Accountants follow the accrual basis in measuring income and expenses. However,
some users are particularly interested in the cash transactions of the company; hence
the need to present a Statement of Cash Flows.
Explanation and Pointers
1. Statement of Cash Flows presents the inflows and outflows of cash in the different
activities of the business, the net increase or decrease in cash, and the resulting cash
balance at the end of the period. Cash inflows refer to receipts of cash while cash
outflows to payments or disbursements.
2. Cash inflows and outflows are classified in three activities: operating, investing, and
financing.
Operating activities refer to the main operations of the company such as rendering of
professional services, acquisition of inventories and supplies, selling of inventories for
merchandising and manufacturing concerns, collection of accounts, payment of
accounts to suppliers, and others. Generally, operating activities refer to those that
involve current assets and current liabilities.

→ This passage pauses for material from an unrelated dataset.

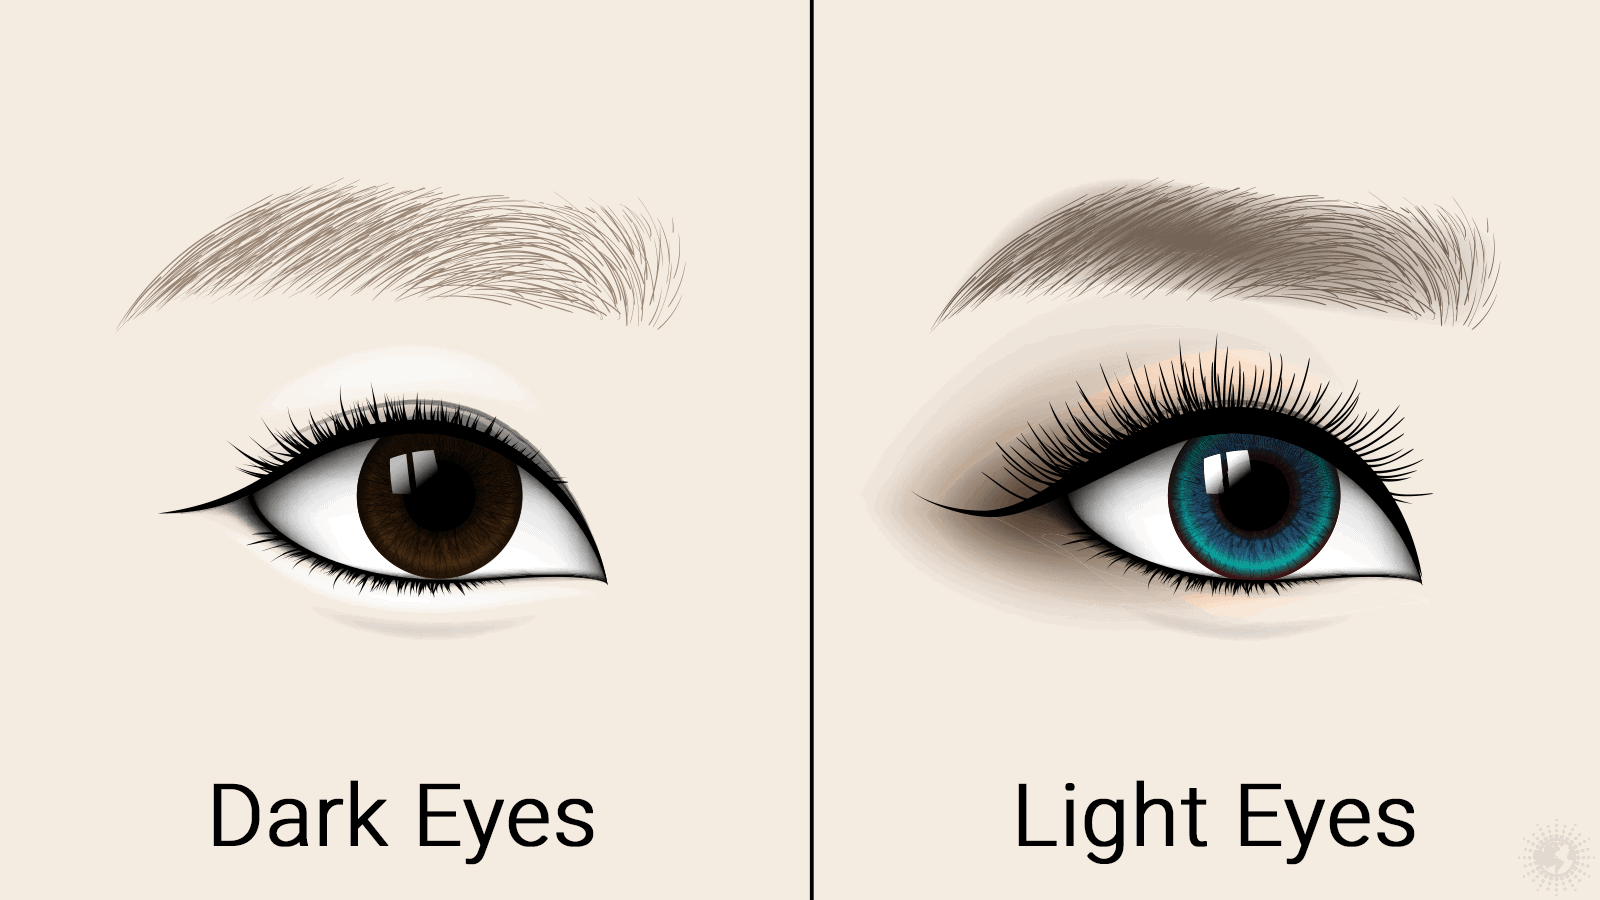 Researchers Explain What Your Eye Color Says About Your Personality
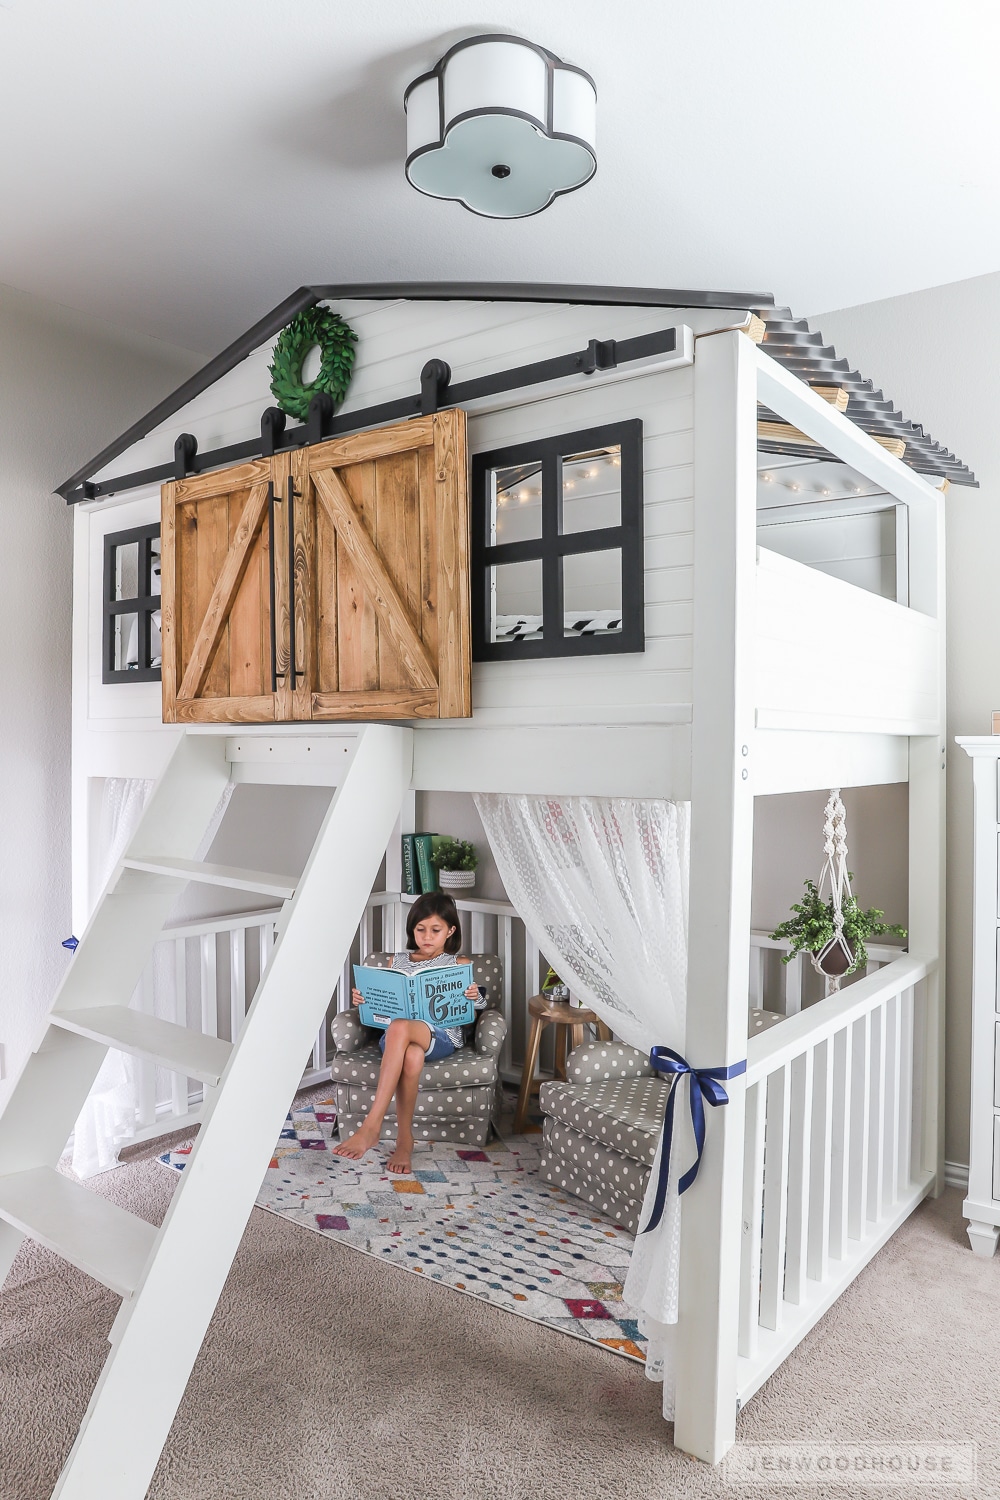 Build A Diy Sliding Barn Door Loft Bed, How To Make Your Own Full Size Loft Bed

Investing activities may be summed up as: "where the company puts its money for longterm purposes", such as acquisition of property, plant and equipment; and investment in
long-term securities. Selling these properties are also considered investing activities. In
general, investing activities include transactions that involve non-current assets.
Financing activities refer to: "where the company gets its funds", such as investment of
the owner/s, and cash proceeds from bank loan and other long-term payables. The
payment of such items (i.e. withdrawal of owner/s and payment of loans) are also
financing activities. Generally, financing activities include those that affect non-current
liabilities and capital.
3. All inflows are presented in positive figures while all outflows in negative (in
parentheses).
4. After inflows and outflows are presented, the net increase or decrease in cash is
computed. Then it is added to the beginning balance of cash to get the balance at the
end. Easy, right? In simple sense, this report presents the cash balance at the
beginning of the period, the changes during the period, and the resulting balance at
the end of the period.
5. Notice that the cash balance at the end, $ 21,000, is the same as the cash balance
presented in the company's Balance Sheet.